November 2013
Today I'm having a
breast MRI scan. One of the issues with having breast cancer at an
earlier than average age is that the breast tissue can be too dense
to be definitively scanned with conventional mammography, so while we
know for sure that I have cancer in my right breast, my doctors can't
say with absolute certainty that my left one is clear.
In case you've never
had an MRI, you're placed on a bed which rolls into a tubular
machine. It's a little claustrophobic, but not particularly invasive
or unpleasant. The procedure for a breast MRI, though, is a little
different than the scans I've had in the past.
I'm asked to lie on my
front, with my chest on a scanning platform and my arms above my
head. My breasts – and there's no way to describe this that makes
it sound dignified – dangle below me into two holes in the
platform, under which there are plastic cups. Large, cold plastic
cups.
Not for the first time
during an important medical test, I get a fit of the giggles. The
radiographer pauses in her explanation of the test I'm about to have
to ask if I'm feeling OK.
“Yes....just....” I
gasp through my now slightly hysterical mouthfuls of laughter. “I
feel like some sort of bizarre, medical Barbarella.”
The radiographer starts
laughing, and then we're both gone for at least five minutes.
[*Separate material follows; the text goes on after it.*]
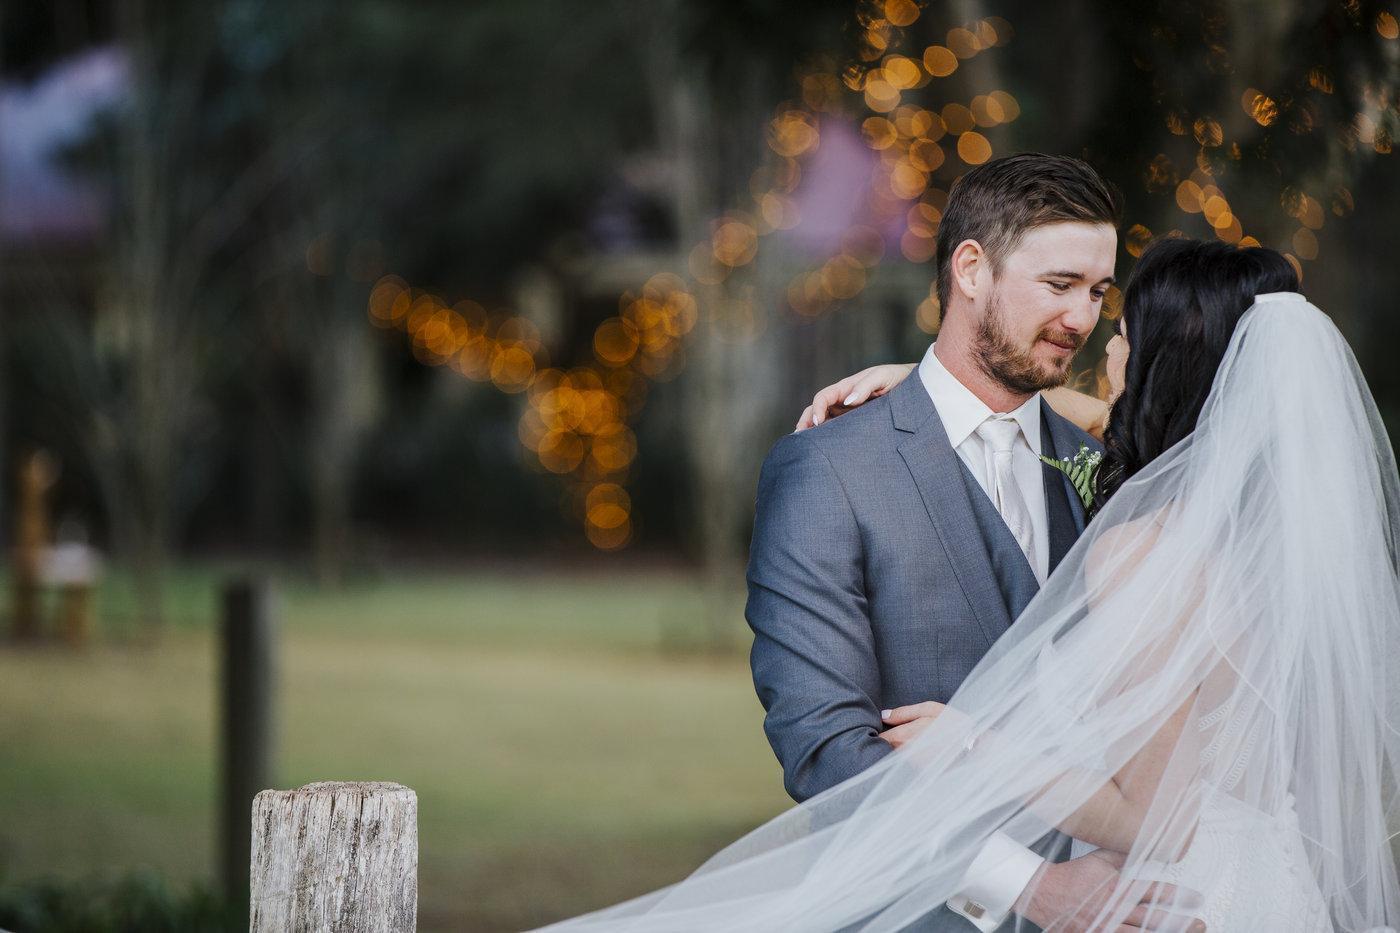 Wedding Photography Toowoomba couple embracing under lights

Every
time one of us stops, the other starts. We decide to name the
procedure the Inverted Barbarella Scan. It somehow seems far easier
to bear the possibility of bad results when the test itself, and our
now-shared name for it, make me laugh. Once we're back under
control, the woman puts large noise-cancelling headphones over my
ears, switches on the CD – I came armed with Tori Amos – and
rolls me into the giant magnetic contraption.
Thankfully, the scan
later shows that my right breast is alone in its murderous
intentions, acting entirely without the aid of an accomplice.